DIAGNOSTIC ACCURACY OF ULTRASONOGRAM NECK VERSUS THYROGLOBULIN FOR FOLLOW UP OF PAPILLARY CARCINOMA PATIENTS WITH TOTAL THYROIDECTOMY.
Main Article Content
Keywords
Thyroglobulin, neck Ultrasonogram, Papillary carcinoma, thyroidectomy
Abstract
Objective: To assess the diagnostic accuracy of ultrasonography neck (Neck US) and thyroglobulin (Tg) tests for the follow-up of patients with papillary thyroid carcinoma (PTC) following total thyroidectomy.
Methods: This study looked at neck US and Tg levels in detecting disease residual or recurrence in PTC patients who had undergone total thyroidectomy. A total of 100 patients were included in the analysis, and Tg testing and Neck US were performed on them at regular follow-up intervals.
Results: The Thyroglobulin (Tg) test demonstrated a higher sensitivity of 83.33% than Neck US, which had a sensitivity of 66.67%. This suggests that the Tg test is more effective in detecting true positive cases of recurrence or residual disease. But because Neck US had a higher specificity, it was better at ruling out false positives. Early detection was aided by Tg, and recurrence or residual disease was confirmed by Neck US. Tg and Neck US offered complementary diagnostic data when combined.

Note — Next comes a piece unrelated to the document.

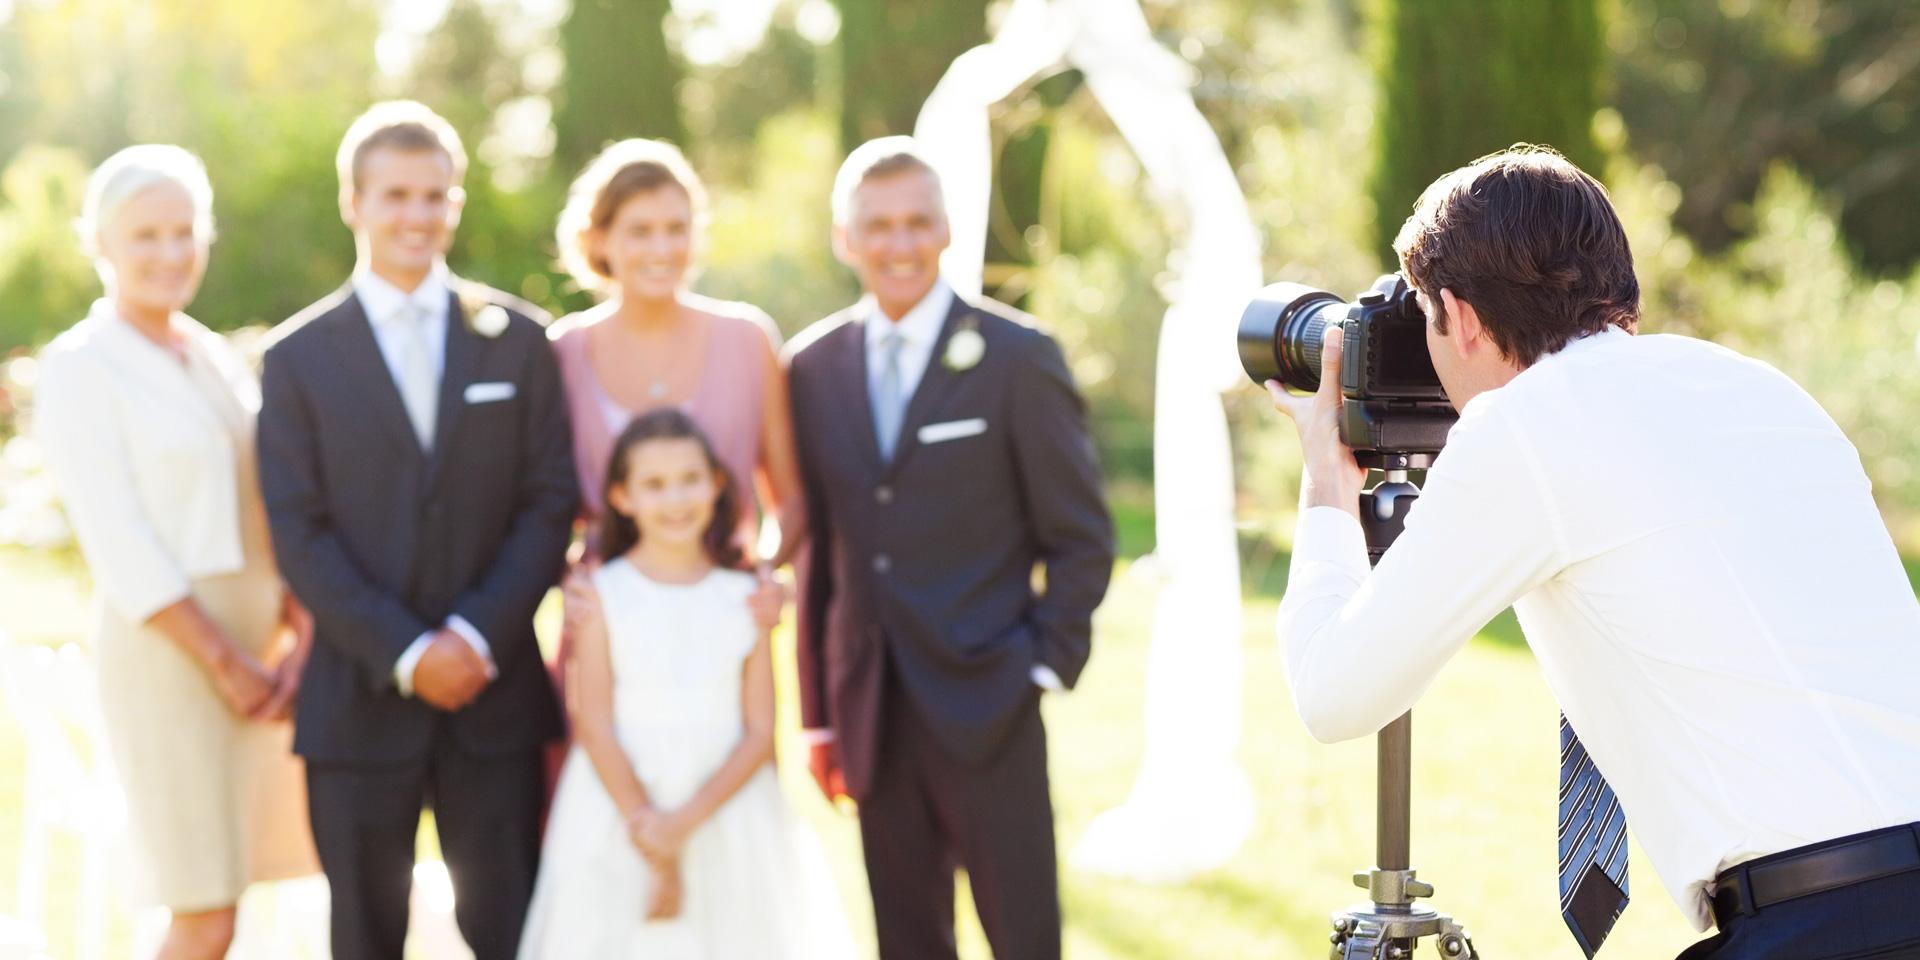 Photographe à un mariage qui prend en photo la famille et les demoiselles d'honneur
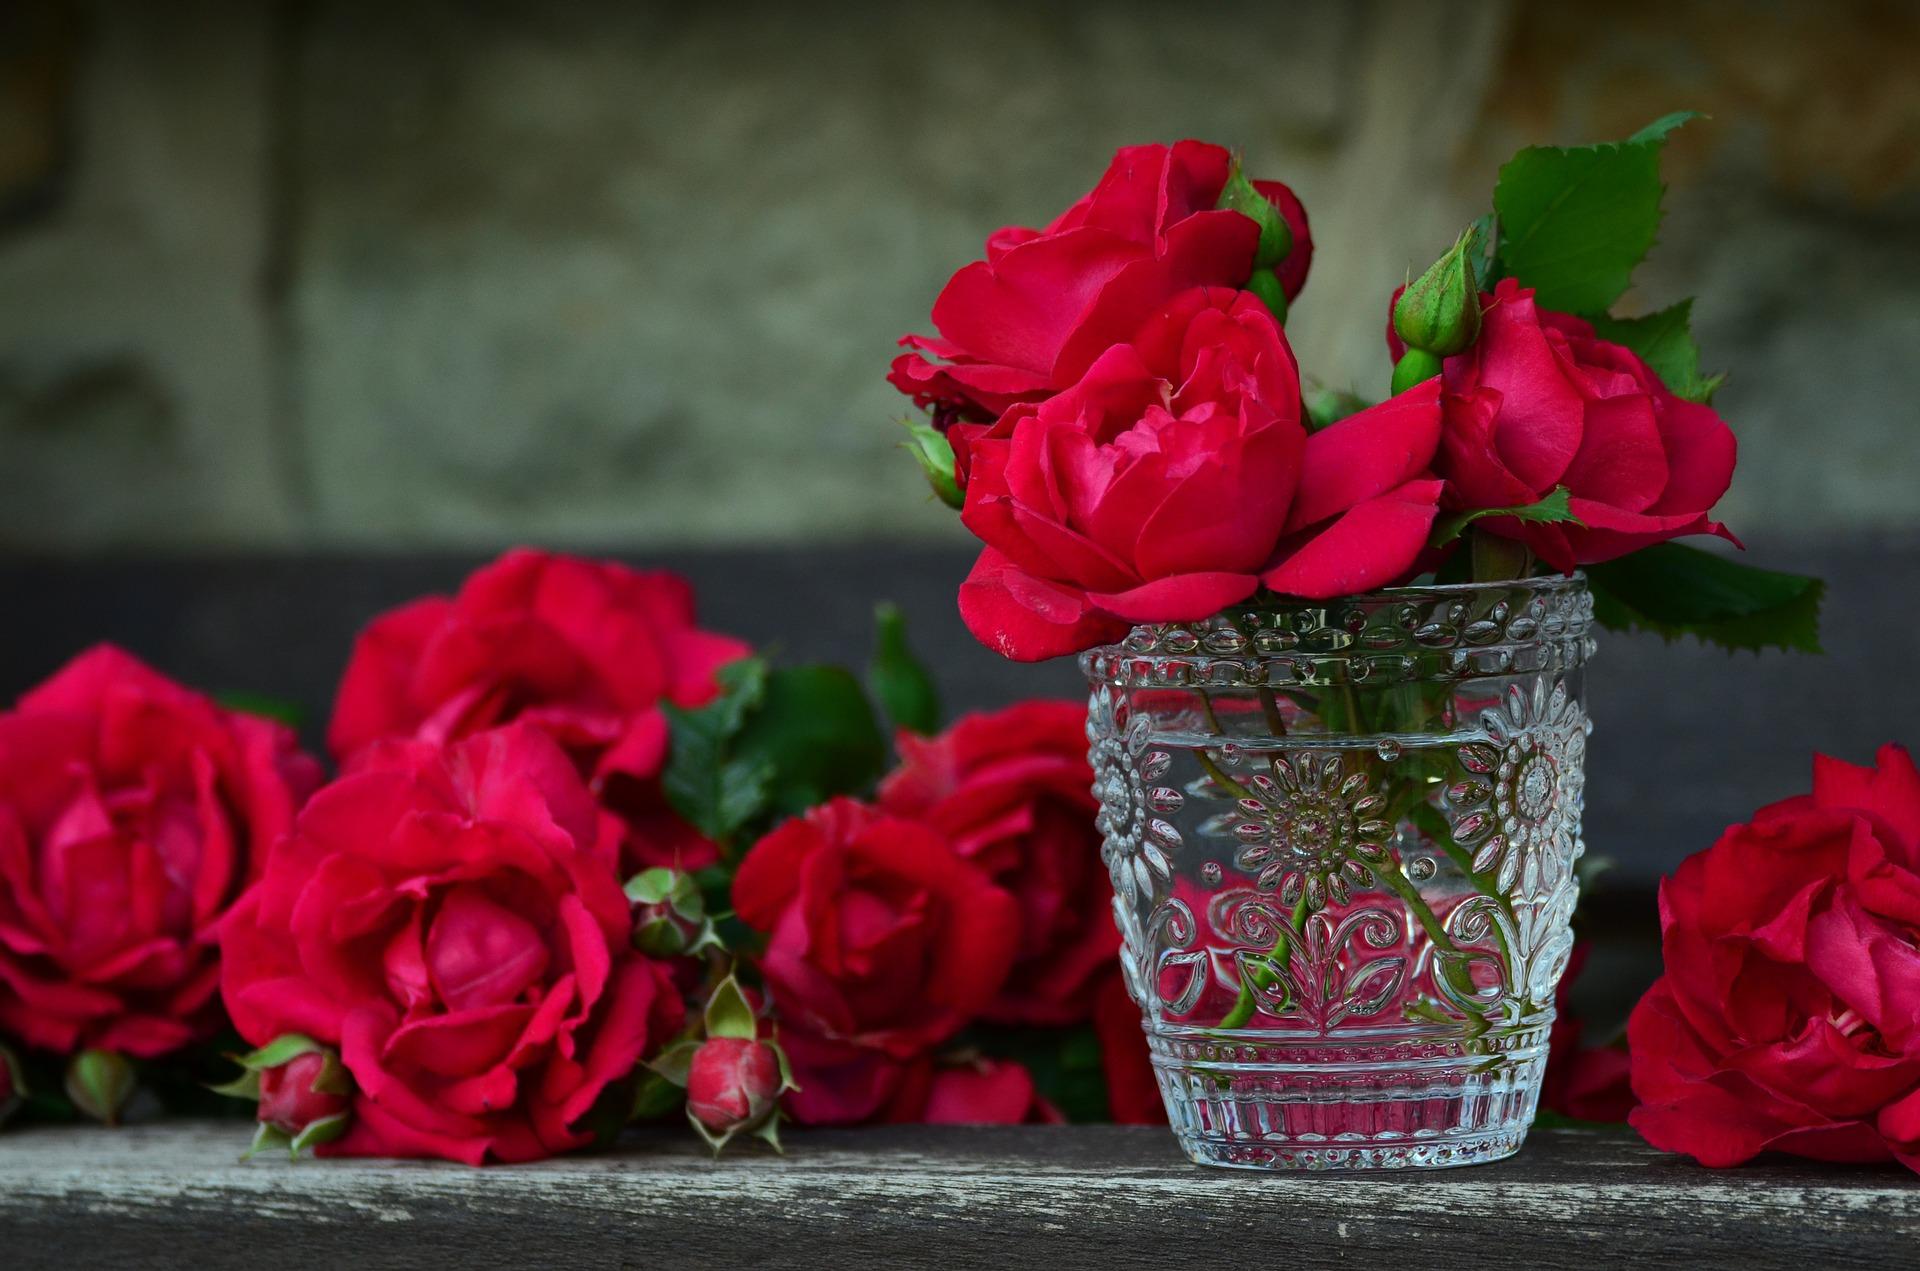 jak se starat o růže

Conclusion: The Thyroglobulin (Tg) test is more sensitive and, as a result, more successful in detecting recurrence or residual disease in PTC patients following a thyroidectomy. Neck ultrasonography continues to be a helpful confirmatory test to assist clinicians in making decisions and excluding false positives due to its higher specificity. A combined approach that makes use of both tests is recommended for PTC patients in order to provide the best follow-up care.